On the questions about 17 detailed activities of daily living, tasks such as tying shoe laces, opening and drinking a bottled beverage with a bottle opener, using scissors and buttoning shirts were found to be more difficult than other activities. In general, there was a tendency for activities to be more difficult to perform, if they required delicate movements and substantial force of the distal extremities. In particular, for those with amputation of the hand or fingers, activities which required delicate movements of the terminal ends of the upper extremities, such as buttoning shirts and using scissors, tended to be more difficult. By adding and examining detailed tasks to the basic activities of daily living, it is thought that the results of the present study will provide information to assist in the development of rehabilitation training programs for upper extremity amputees.
Most of the respondents in the present survey stated that after amputation they were either unemployed or performed different tasks at different workplaces (39.7% and 29.3%, respectively), and only 8.8% returned to the same task at the same workplace. While this is an increase from the 5.5% reported by Chang et al.8, it is still substantially lower than the occupation return rate of 30.4% reported in the research by Gaine et al.12 In addition, it was confirmed that there was no case of a return to the original workplace amongst the bilateral upper limb amputees. Considering the fact that amputation occurred at the average age of 25.70 years and that this age represents a productive stage in people's lives when they have substantial socio-economic capabilities, the socio-economic losses arising from amputation are believed to be enormous. As was the case in the previous researches,13 the results of the present study showed that the extent of return to an occupation was unrelated either to whether the dominant upper extremity was amputated or to the educational background of the amputee. Office workers experience less demand on the functioning of their upper extremities and the extent of their return to their previous occupation was found to be better than for military personnel, skilled manual workers and common laborers. In addition, farmers, skilled manual workers and common laborers, who face greater demands on the functioning of their upper extremities, see rehabilitation training more as more important than others do. On the question of the reasons for failure to return to ones' previous occupation, although an inability to perform as in the past accounted for 51.6% of the answers, many gave reasons such as insufficient functions of a prosthetic limb (16.2%) and lack of social awareness about disabled persons (11.6%). This illustrates that the social awareness about amputees or systems related to occupation rehabilitation is still insufficient. The development of prosthetic limb with faster and more accurate movement functions is also needed.
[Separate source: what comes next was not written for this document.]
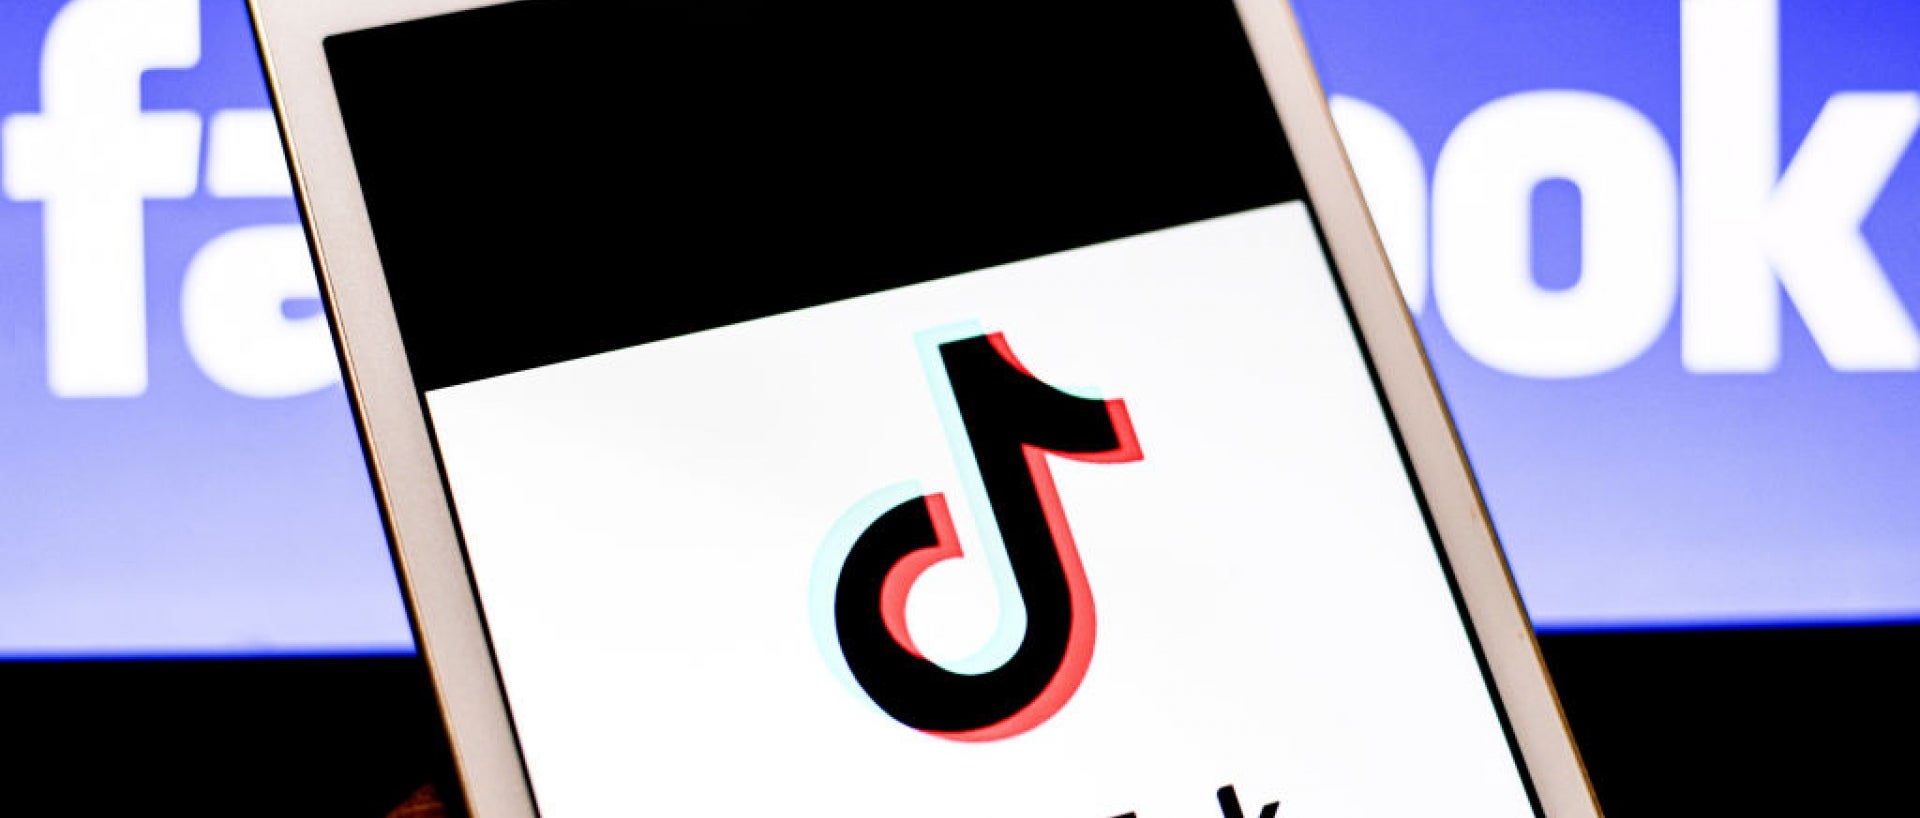 Tiktok logo on the screen of a phone being held by a hand, the facebook logo in the background

According to Davidson,6 68% of upper extremity amputees drove vehicles after amputation, with 73% of drivers using handle rotation knobs and 23% having extended winker levers. In the present study, 41.0% of all the amputees stated that they drove after amputation, with 26.9% of them using remodeled automobiles. The subjects were not asked to provide details of types of remodeling, and this makes accurate comparisons difficult, but the proportions of the drivers and the remodeling of automobiles were found to be relatively lower. Moreover, although there were no differences in the side of amputation and types of prosthetic limb between those who did and did not drive after amputation, the drivers and non-drivers were found to differ in terms of the level of the amputation. A statistically larger number of amputees drove if the level of amputation was closer to the distal site. Under the current domestic road and traffic laws of Korea, those, who have lost both arms above the elbow, or those, who are unable to use both arms at all, are not allowed to drive. However, there is exception for the cases in which such people are able to drive normally by using automobiles, which have been designed and built to suitably accommodate for the extent of the physical disabilities of the amputee driver. If rehabilitation services for driving, such as the development and supply of assistive devices appropriate for driving, are improved and if there is an expansion of rehabilitation centers for driving, then the proportion of upper limb amputees who drive will increase. This should improve their activities of daily living and also increase their satisfaction levels with their prosthetic limbs.
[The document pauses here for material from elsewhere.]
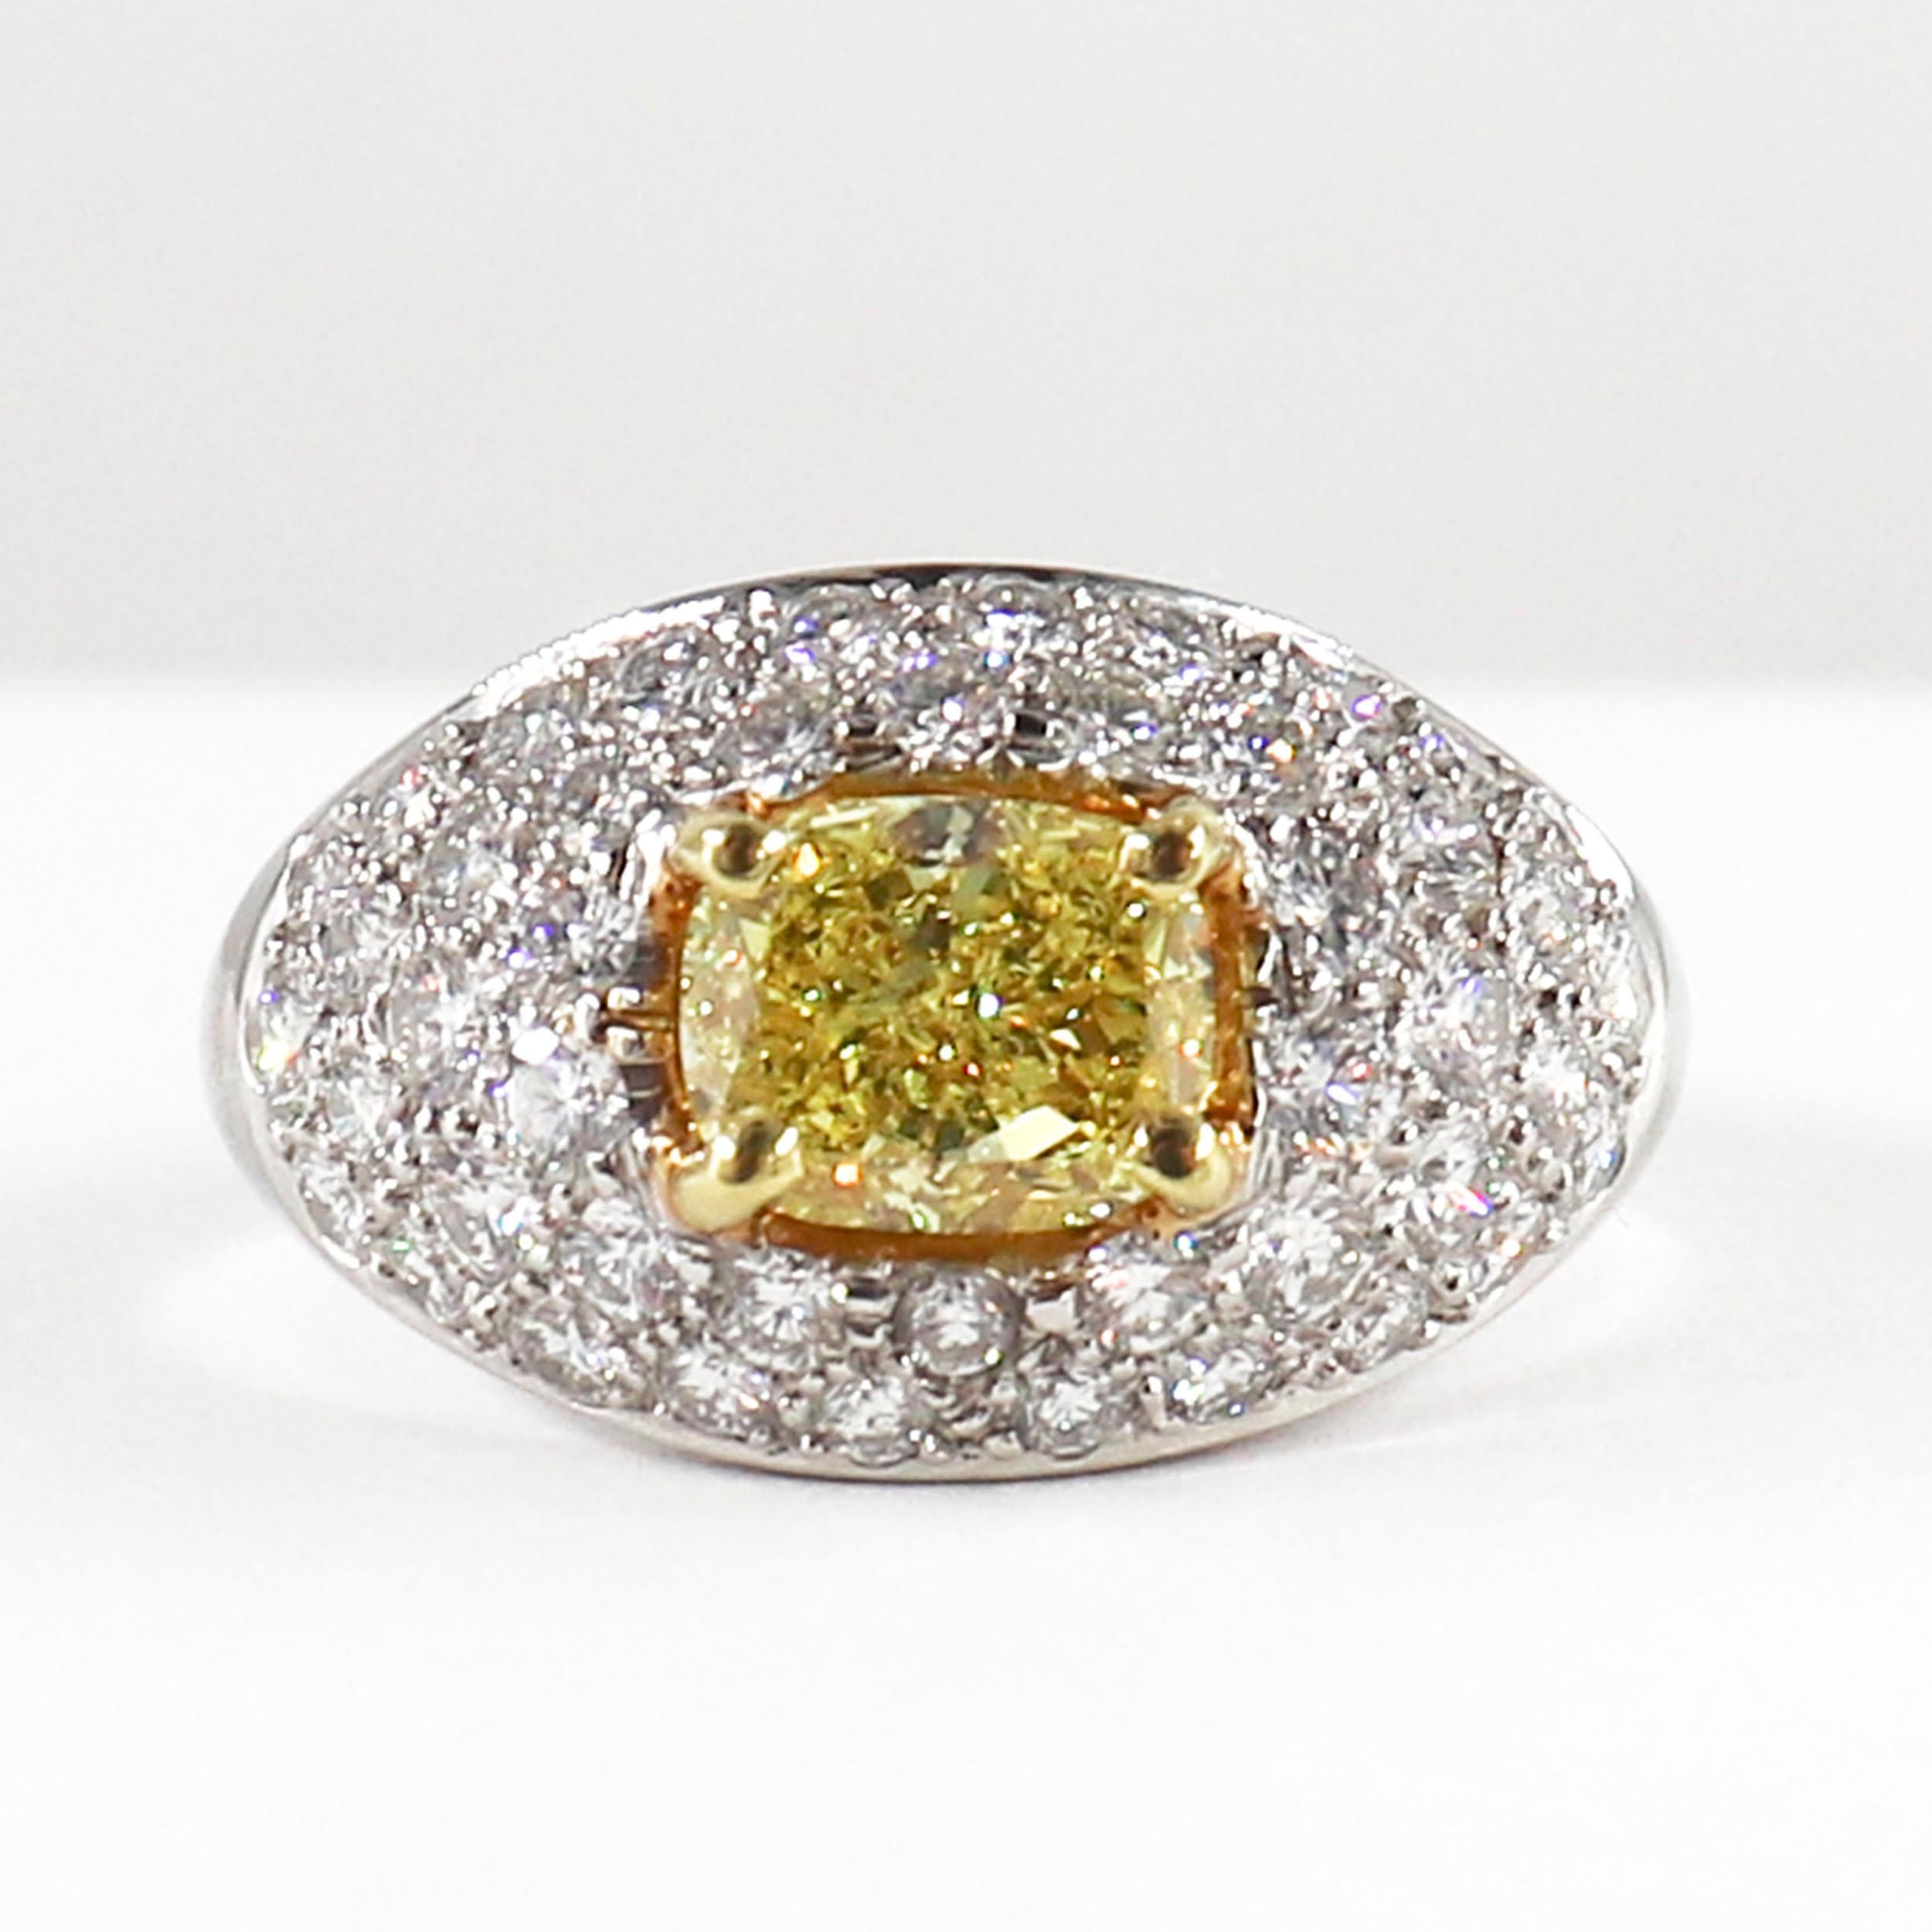 J. Birnbach 1.53 Carat Fancy Intense Yellow Cushion Diamond Pave Ring In New Condition For Sale In New York, NY

This study is limited in the extent to which the results can be generalized to everyone with upper extremity amputations, since subjects included only the patients who were prescribed prosthetic limbs for their upper extremities at a single hospital; furthermore, all the subjects were male and elderly. A second limitation is the study relied upon a postal questionnaire survey for the collection of data, and more detailed and useful information could have been obtained from the amputees by the use of personal interviews.
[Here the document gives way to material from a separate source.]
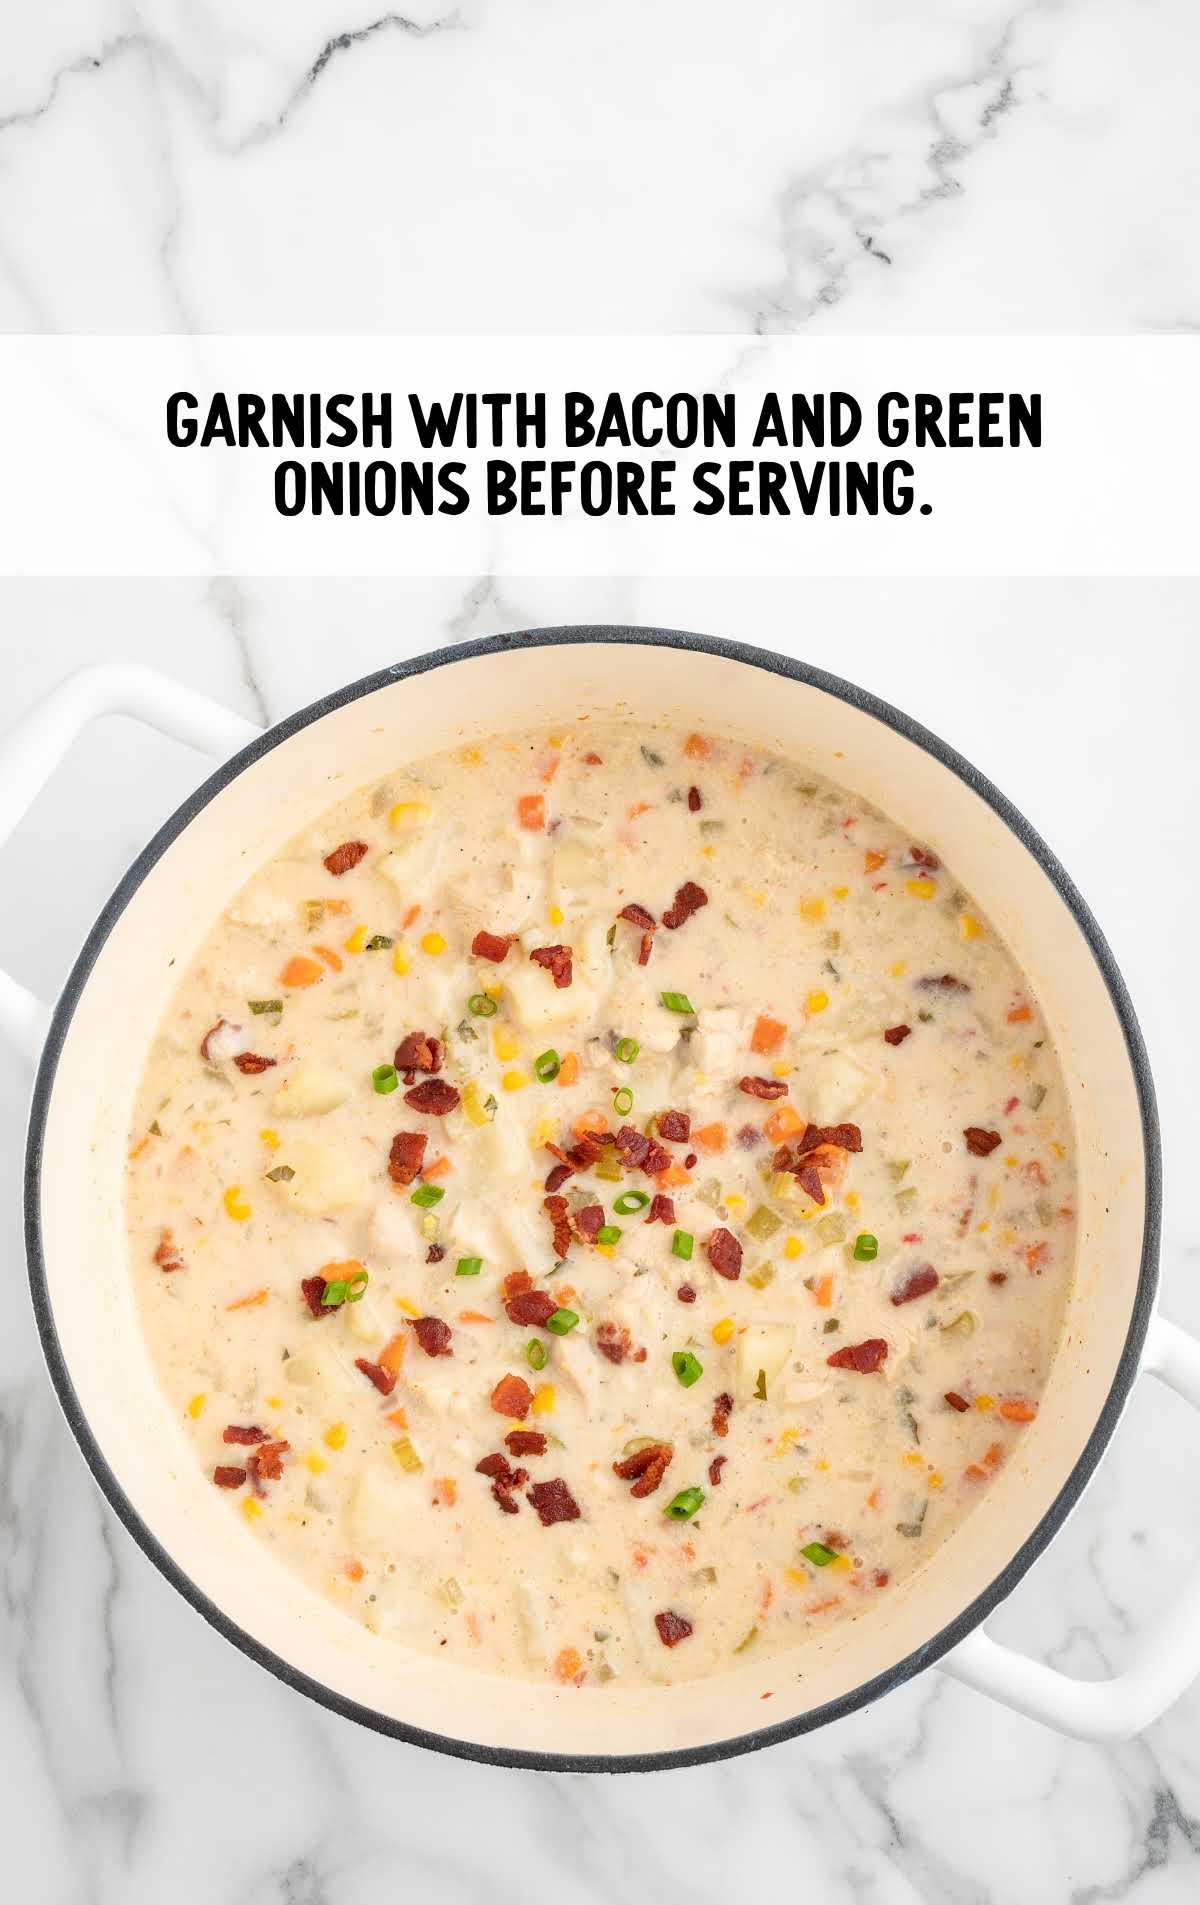 chowder garnished with bacon and green onions

However, this study is meaningful in comparison to the previous researches in that it investigated a range of issues, including levels of satisfaction, the actual status of usage of a prosthetic limb for the upper extremities, activities of daily living, and the impacts on occupations and driving. It is believed that the findings of this study could be used in the future as basic information for the prescription and training for use of upper extremity prosthetic limbs and for rehabilitation training in relation to returning to employment.

CONCLUSION

This study used a postal questionnaire survey of patients with upper extremity amputations to investigate their current use of prosthetic limbs and levels of satisfaction in relation to their activities of daily living, occupation and driving. Although the extent of return to previous employment is considered to be improving, it is still highly unsatisfactory when compared with data from overseas countries. Moreover, it seems that a prosthetic limb for the upper extremities has greater significance for cosmetic and supplementary purposes than functional purposes. Finally, there appears to be a need for: firstly, the development of prosthetic limbs with functions more closely approximating the normal functions of the upper extremities; secondly, changes in social awareness about the amputees; and, thirdly, the establishment of policies designed to improve occupational rehabilitation.

References

1. Kim YC, Park CI, Kim DY, Kim TS, Shin JC. Statistical analysis of amputations and trends in Korea. Prosthet Orthot Int 1996;20:88-95. PMID: 8876001.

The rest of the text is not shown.